Christ rejects this temptation to spiritual inflation by saying, 'You shall not
tempt the Lord thy God.' Christ returns then from the desert to preach to the
people the new message of the spirit, the message of love.
"Question:
Does this apply to us? Are we 'heroes' on a spiritual journey?
"In the European Middle Ages the theme of an individual on an individual quest
clearly emerges. This is the theme of the Grail legends. Why should anyone go
questing for the Grail in Gothic Europe when the Holy Sacrifice of the Mass was
being celebrated in every church? The reason was that the Holy Sacrifice of the
Mass was a general sacrament that did not depend on the recipient's or the
priest's personal character for its effect. It was a miraculous, magically
working conduit of the grace of the Crucifixion of Christ which pours into
those who received it. All one had to do was abide by the laws of the Church
and examine one's conscience and resolve not to sin again. It was not in
itself, however, a test of character.
"This mythological Grail was not inside any Church and only the person who had
a certain character could find it. The Grail was carried by absolutely virtuous
maidens and it represented an integrity of character and life rather than a
sacramental system.
"Sir
Gawain, Arthur's nephew, proposes a vow, since they thought it a disgrace to go
forth in a group, each should enter the forest at that point where he found it
darkest, and where no other path existed.
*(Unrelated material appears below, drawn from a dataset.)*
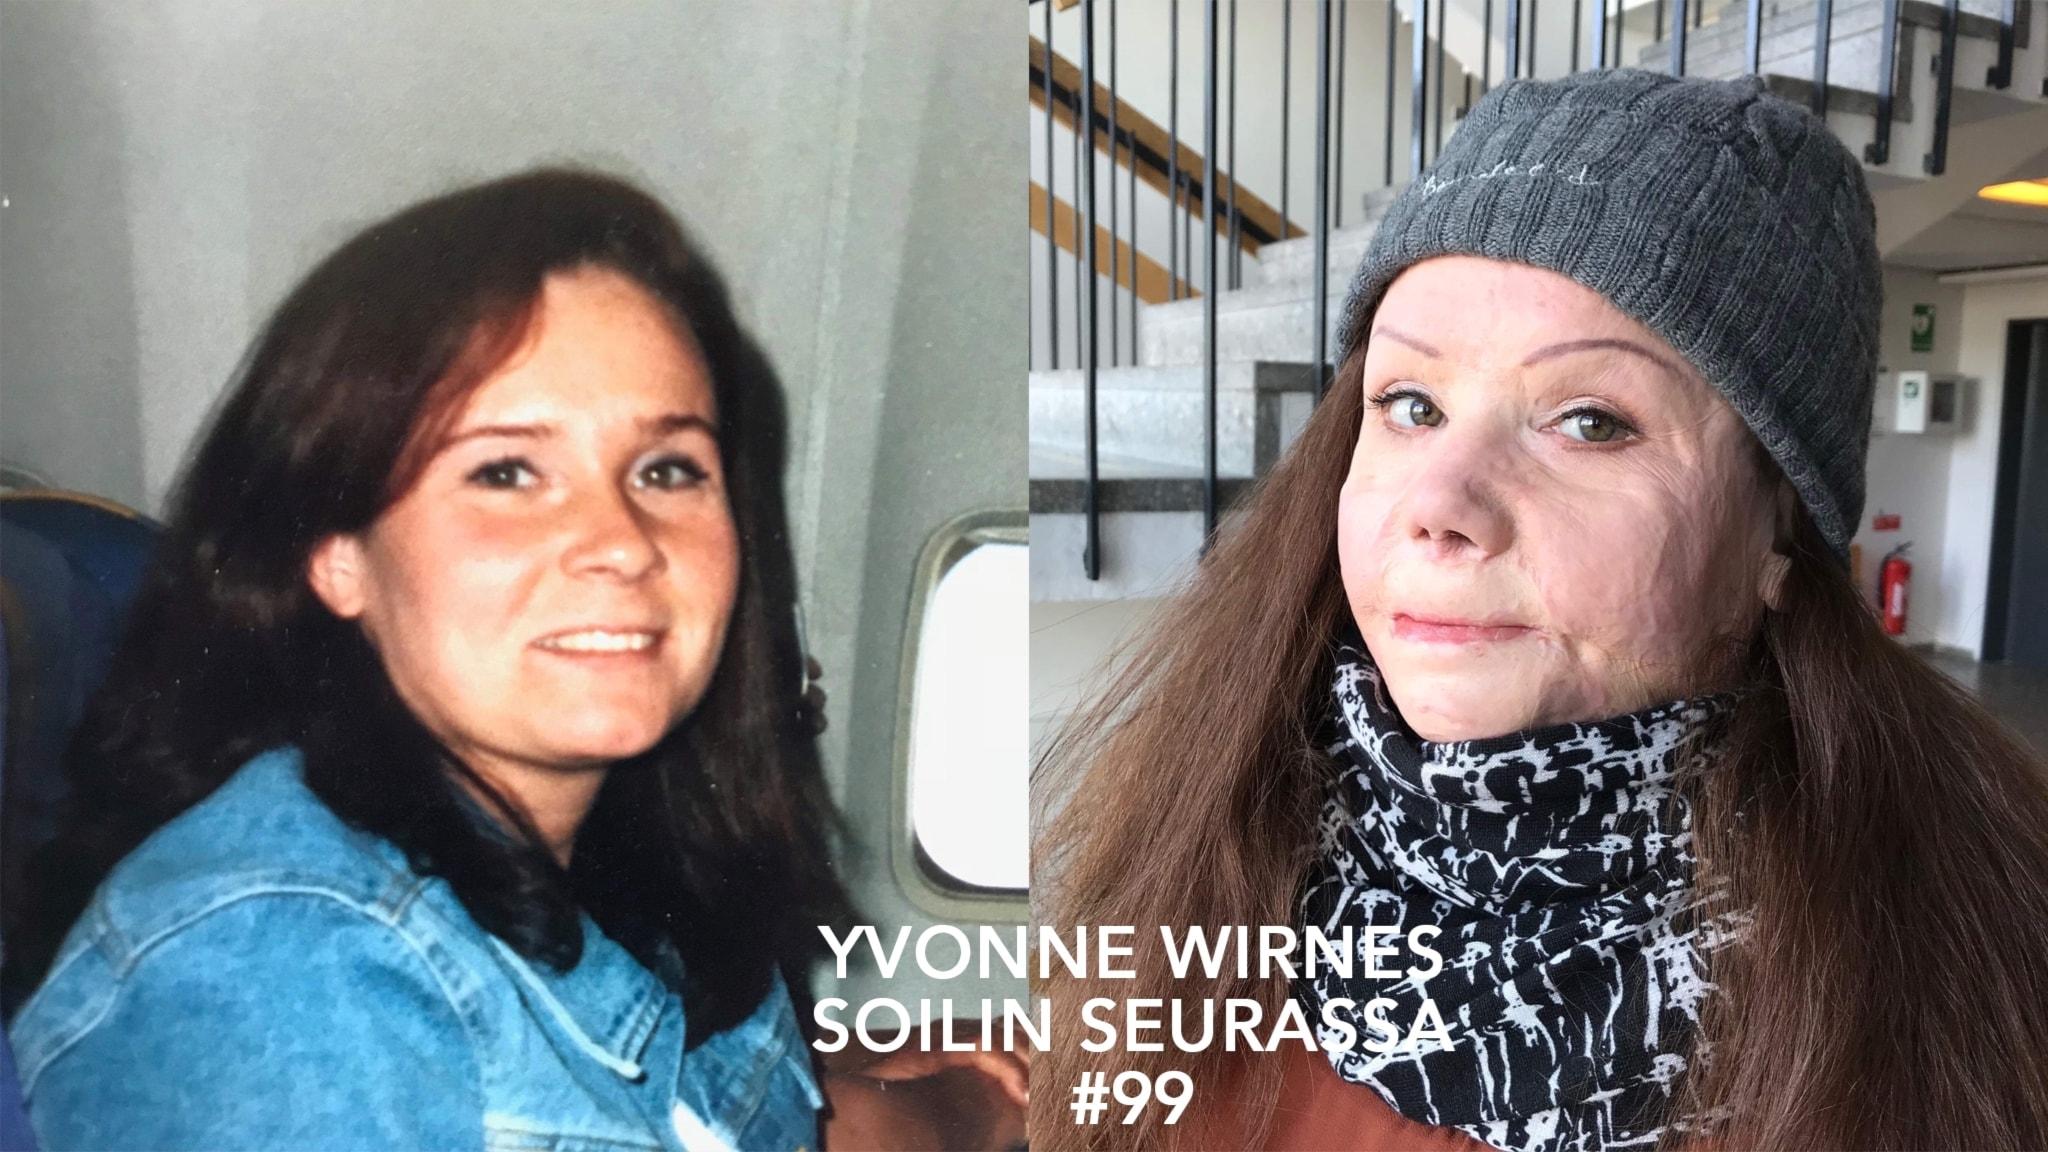 Pahasti palanut Yvonne Wirnes 13 vuotta tuhopolton jälkeen: lähdin heti sairaalasta päästyäni ihmisten ilmoille, en jäänyt kotiin piiloon.

This is the absolute opposite to the
Oriental guru system, in which you accept the direction of a guru who knows
what is best for you. But it is you and your potential character, which has
never been seen and which can be brought into being by no one else, that is the
life quest in the Western sense. Each individual pursues it in his or her own
way. The problem in our society and in our schools is to inculcate, without
overdoing it, the notion of education, as in the Latin educere - to
lead, to bring out what is in someone rather than merely to indoctrinate
him/her from the outside. Spiritually, then, we must all seek the Grail by
entering that part of the forest where nobody else has cut a path for us."